WHAT YOU NEED TO DO: Leave the pictures out and print, word for word, the lines below from the one with "brisbane-city-wedding-photographer-romantic-wedding-120.jpg" through the final line.

DATA SECTION section start

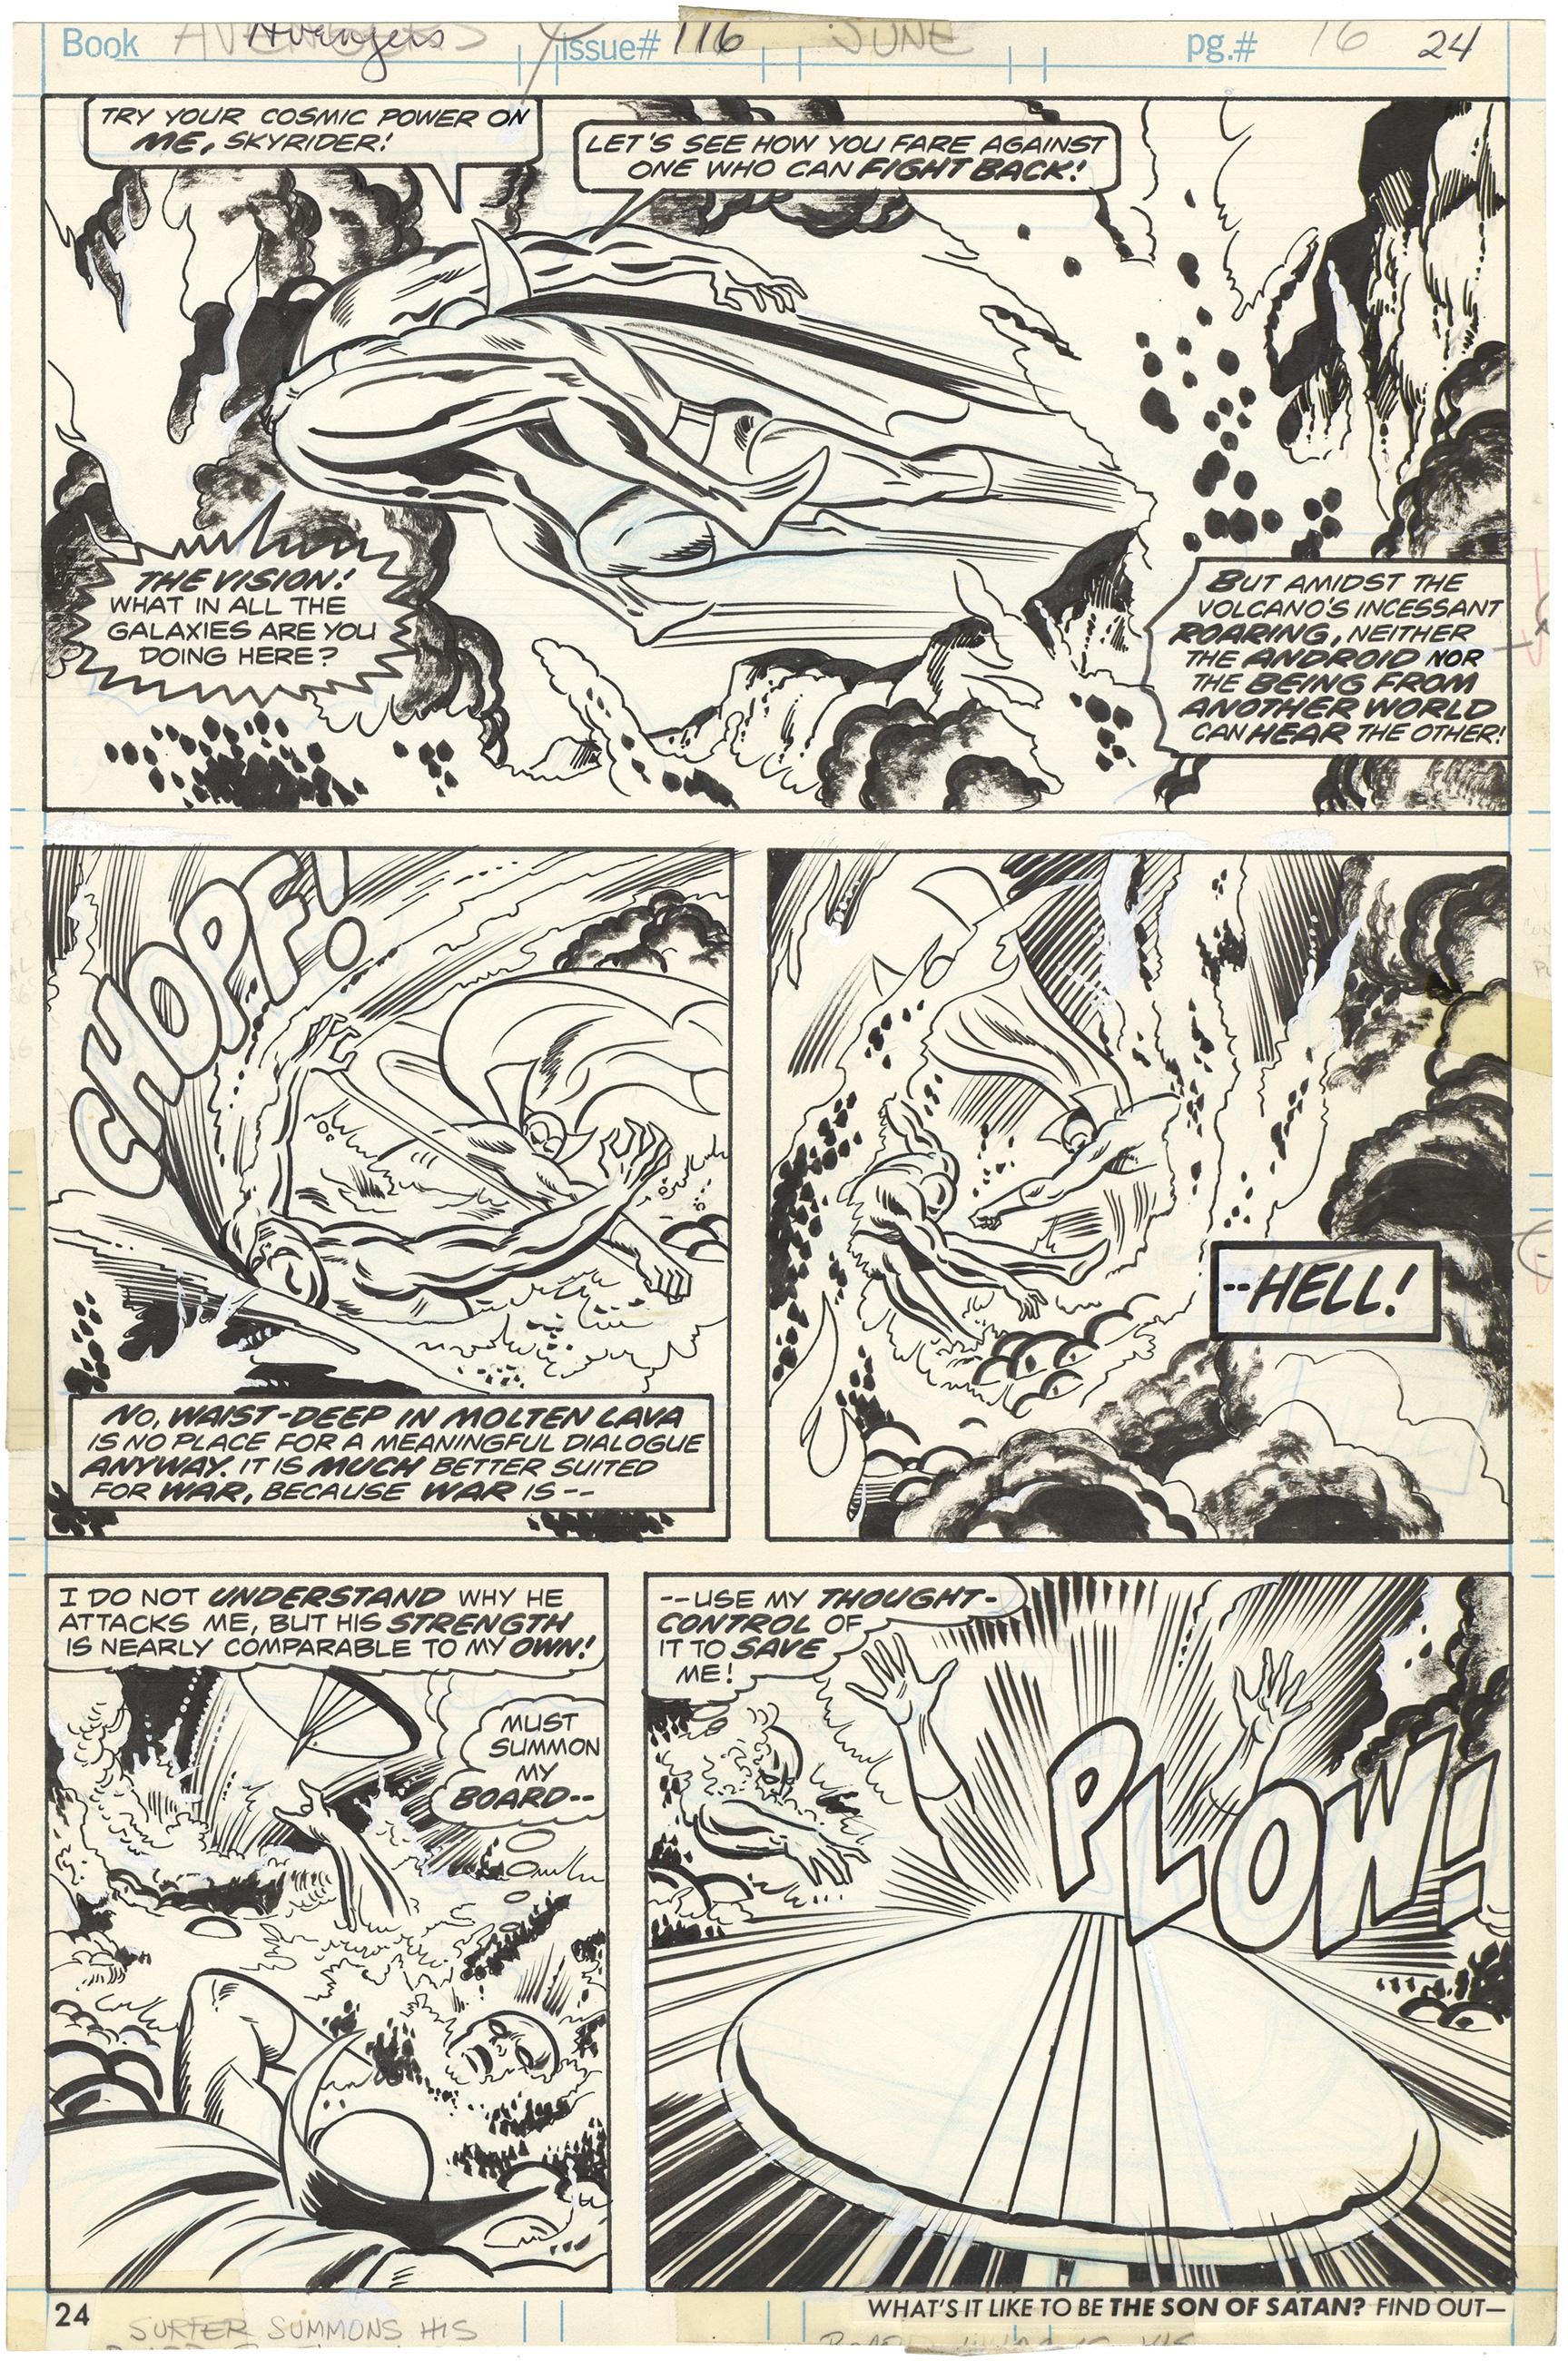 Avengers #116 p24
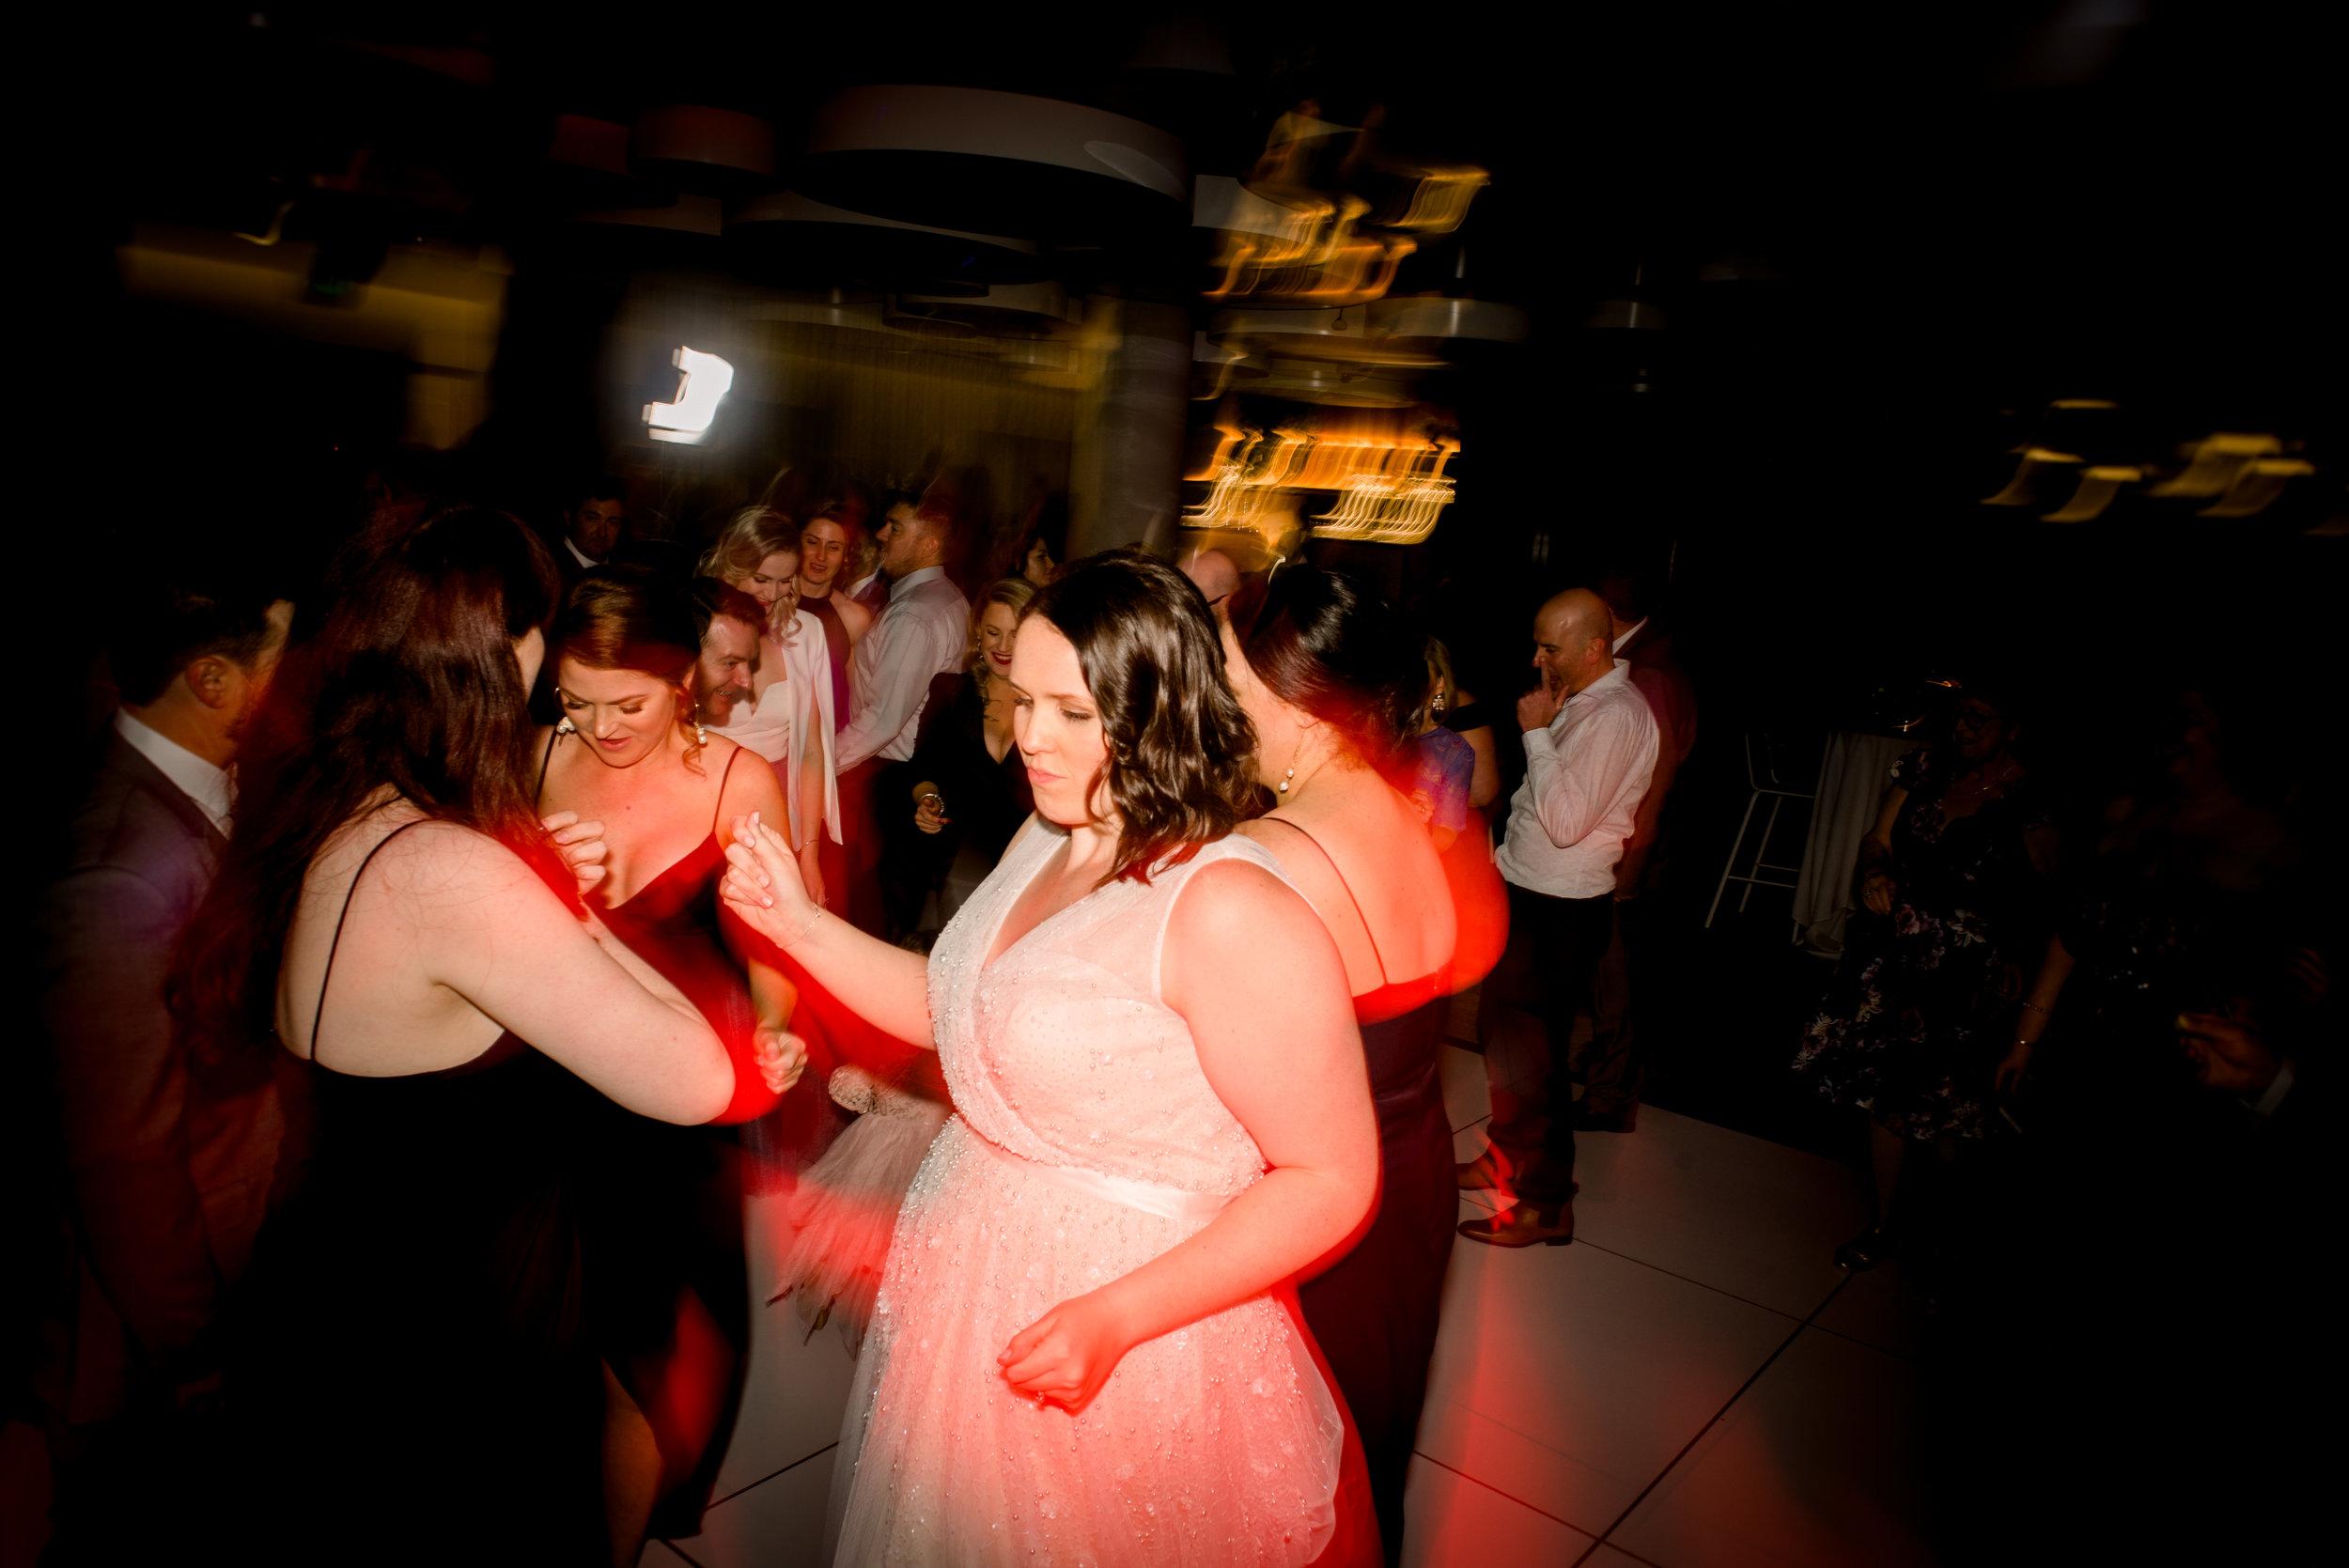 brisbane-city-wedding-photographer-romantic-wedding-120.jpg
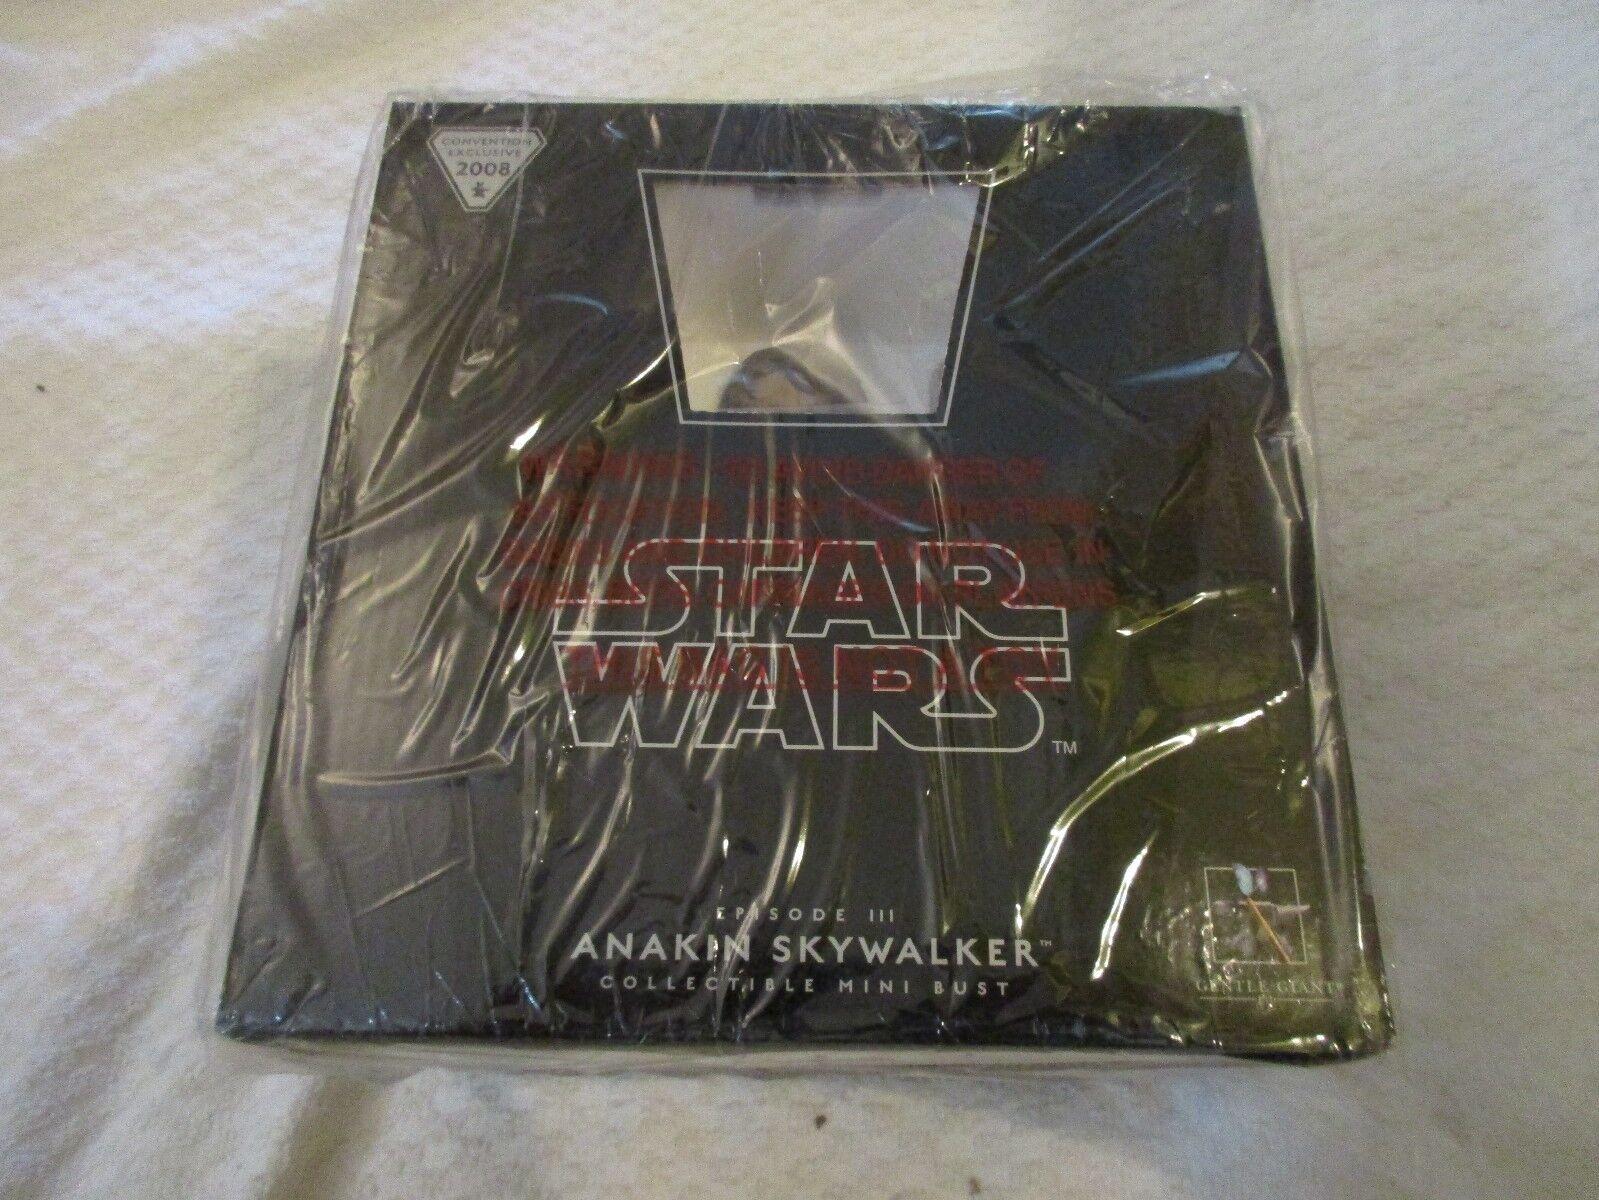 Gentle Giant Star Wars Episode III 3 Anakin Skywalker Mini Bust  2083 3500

DATA SECTION section end

TASK OUTPUT:
 brisbane-city-wedding-photographer-romantic-wedding-120.jpg
 Gentle Giant Star Wars Episode III 3 Anakin Skywalker Mini Bust  2083 3500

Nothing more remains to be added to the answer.